A large young man was half-supporting, half-propelling a smaller boy who seemed to be about the age of the first. The smaller one was holding his right arm close to his side, and Sanorë could already see the copious amount of red seeping through his shirt sleeve.
The warden rushed toward them, followed by the two girls, and ushered the boy to a bed and made him lie down. “Lord Faramir!” he scolded. “What have you done to yourself now?”
The warden pulled the remains of the tattered shirt sleeve from the boy’s bleeding arm and clucked his tongue.
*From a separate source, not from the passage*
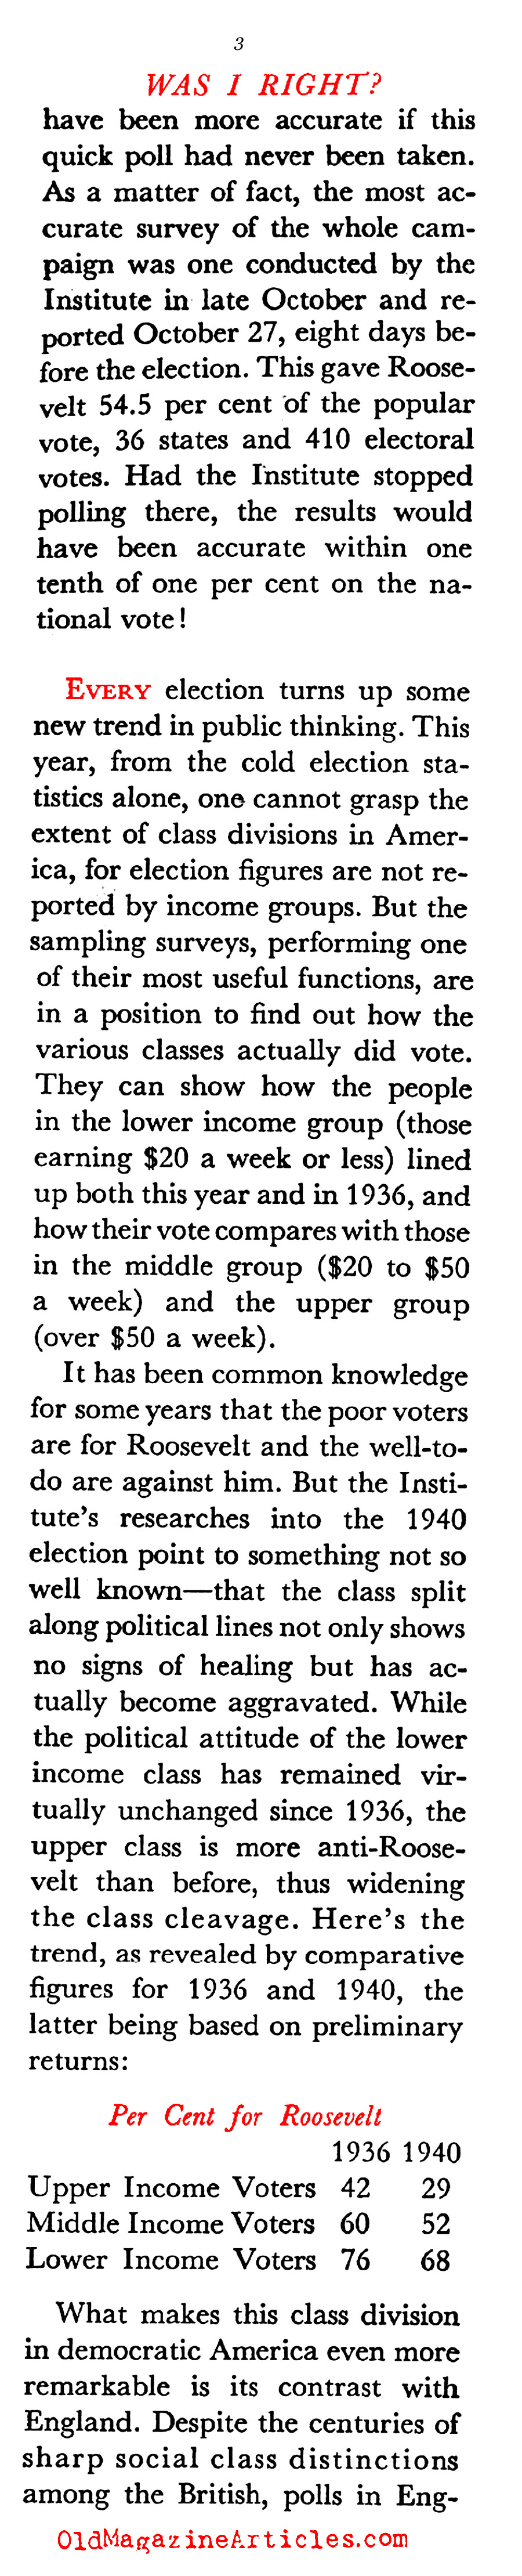 The 1940 Election Polls and FDR (Coronet Magazine, 1941)

He scuttled away speedily, calling back, “Begin cleaning the wound, Ioreth!”
Sanorë felt scared. “Wh-where’s he going?”
“Medicine, probably,” the boy managed through a grimace of pain.
Ioreth poured water into a basin that sat on the bedside table and dipped a cloth in the water. She began sponging the gash on the boy’s arm gently, though apparently not gently enough. He gave a tiny moan of pain, and looked deeply ashamed of himself for it.
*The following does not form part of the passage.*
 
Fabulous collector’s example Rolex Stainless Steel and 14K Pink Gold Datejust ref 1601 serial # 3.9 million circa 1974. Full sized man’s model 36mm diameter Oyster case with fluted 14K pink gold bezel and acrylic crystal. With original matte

The cloth was soon saturated with blood, and Ioreth pulled out a second one, which was the last on the table. “More cloths,” she mumbled, handing the rag to Sanorë. “Keep wiping his arm, Sanorë. Gently does it! I’ll be right back.”
Sanorë took the rag mutely and put it in the water, wringing back out just like Ioreth had done. The older young man looked worried. “You’re new here, aren’t you?” he asked.
Sanorë nodded shyly. Inside, she was very near to cursing Ioreth for leaving her with this boy, who would surely bleed to death under her care.
The warden reappeared, clutching a handful of herbs and a cup of some foul-smelling salve. Shuffling Sanorë out of his way, he began applying the ointment to the wound on the boy’s arm.
“So,” he said as he worked. “Tell me how this happened, young Faramir. This is your worst injury yet, I believe.”
The boy grunted in concurrence, but it was the older young man who began to explain. There was sweat beaded on his forehead, and his face was screwed up in concern and worry.
“Faramir and I were just practicing with our new swords and shields that Father had made for us, and I guess I hit him too hard, because he couldn’t hold on to his shield, and when the shield dropped, my sword got his arm,” the young man said, patting Faramir gently on the shoulder. “I’m terribly sorry, Far.”
Faramir tried to smile. “You have said you’re sorry at least twenty times since the beginning of this, my brother, if my mind serves me correctly. I’ll be fine!”
The warden clucked his tongue again. Sanorë supposed it was a habit of his. One he needed to break, she thought.
“Now, Boromir,” the warden said soothingly. “Your brother will be quite alright in a week or so. Don’t keep flogging yourself over an accident. You simply don’t realize your own strength.”
“Aye, an accident! But every accident Faramir has had recently has been the fault of nobody but myself,” Boromir said in a heavy voice. “Take today, for example.”
“Boromir, you know that’s not true. Now, last week, when I tripped and knocked down all the suits of armor, you were nowhere around me. Ow!” Faramir cried, looking down at his arm.
“It is supposed to sting like that,” the warden said.
Sanorë just kept listening, and moved to stand beside Ioreth, who had returned with a stack of clean linen for bandages.
Boromir shook his head and sank into a nearby chair. “No, Faramir, that one was my fault as well. You neglected to tell us what you tripped over. You tripped over a maid, who was, in fact, running away because she burst unannounced into my room while I was dressing, and she was so embarrassed that she could not remain in my presence, or indeed, in my vicinity.”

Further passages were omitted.